According to the liturature this would be basically what appears to be happening between individual neurons, but tells us little about how information processing actually takes place or what coding scheme(s) the brain uses to represent, store and manipulate information. To answer a previous question, this could sum up what is stumping the scientific community at this very moment.
Ok, so what could this coding scheme be ? Is it the so called rate code ? is it a timing code ? is it binary ? some other base ? is it even remotely digital at all ?
Reading about how a action potential ( spike) is believed to occur, i.e. when the dendrito-synaptic inputs to a neuron is sufficient enough to overcome some membrane threshold, a stereo-typical spike is propogated down its output axon to other neurons. This does appear to be somewhat digital but there is evidense that the timing between individual spikes (called the inter-spike interval or ISI) is significant as an analog type coding scheme.

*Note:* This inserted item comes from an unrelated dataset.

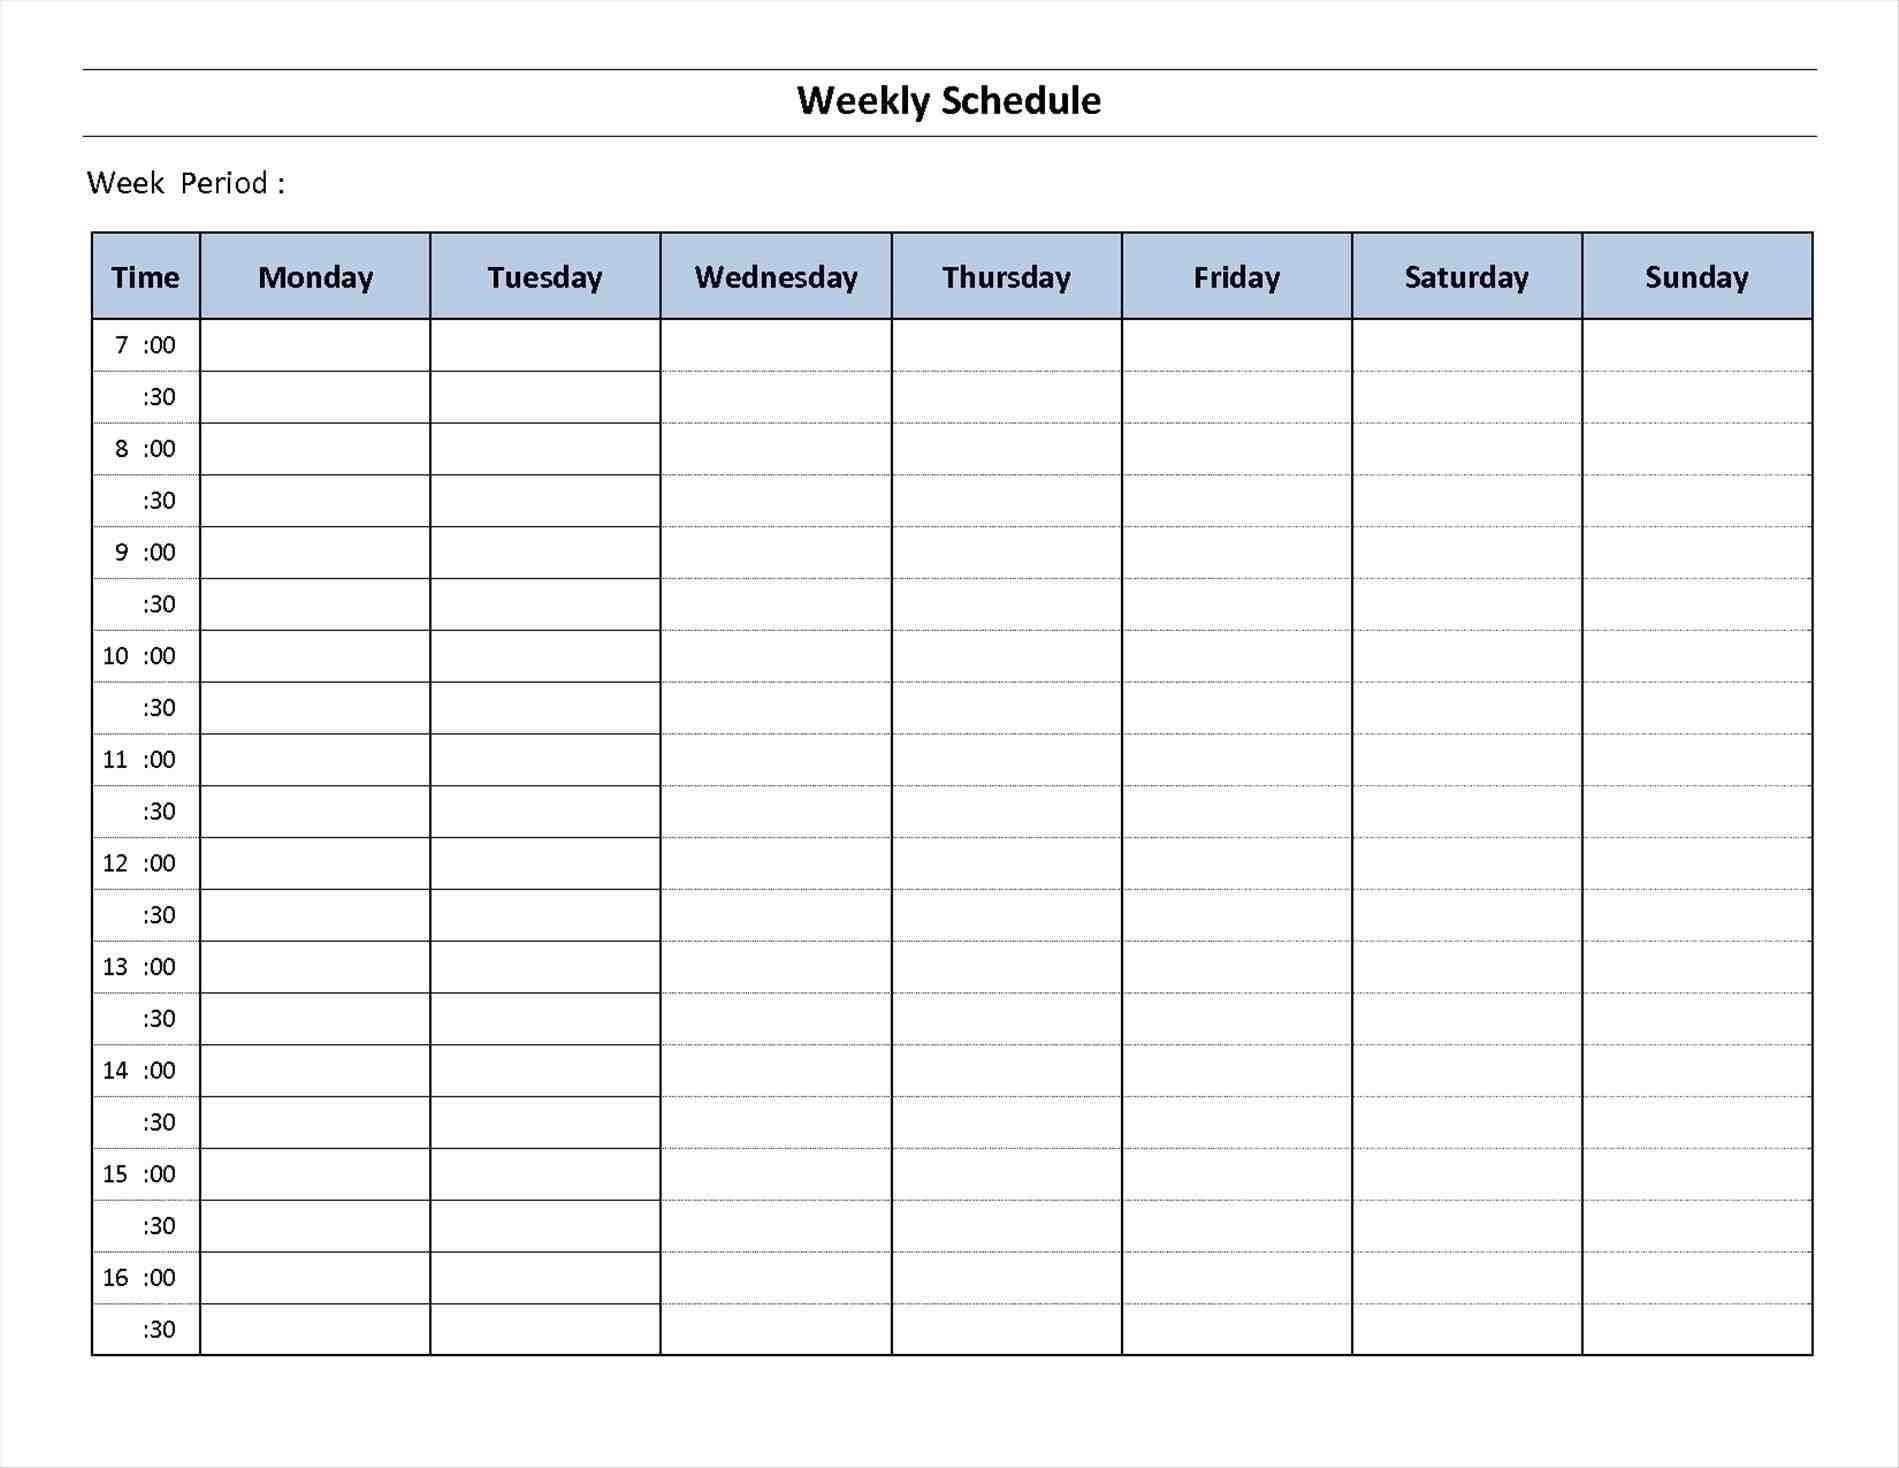 Day Weekly Planner Template Schedule Week Calendar Printable  7 Day Weekly Planner Pdf

If time is indeed a factor this would rule out binary in the digital sense of the word. As an analogy;recently ive bin reading about a proposed idea called rank order coding in which the firing order of an "array" of neurons can encode an enormously large input set. We are familiar with the on-off, 1's and O's binary nature of conventional computers in which information is represented by combinations of these but time has no meaning.
Heres a simple illustration comparing the representation capabilities of a rank order coding scheme and binary gates.
# of neurons: possible combinations: vs # of gates: possible combinations:
------------------------------------ --------------------------------
2----------- 2 __________________________2------------- 4
3----------- 6___________________________3------------- 8
4----------- 24__________________________4------------- 16
5----------- 120_________________________5------------- 32
6----------- 720_________________________6------------- 64
7----------- 5040________________________7------------- 128
8----------- 40,320______________________8------------- 256
9-----------362,880______________________9--------------512
10----------3,628,800____________________10-------------1024
Obviously as can be seen, has the number of neurons increase the number of possible non-repeating combinations quickly increase compared to their binary counterpart.
This just illustates that there are possibly other more powerful coding schemes foreign to conventional digital computing.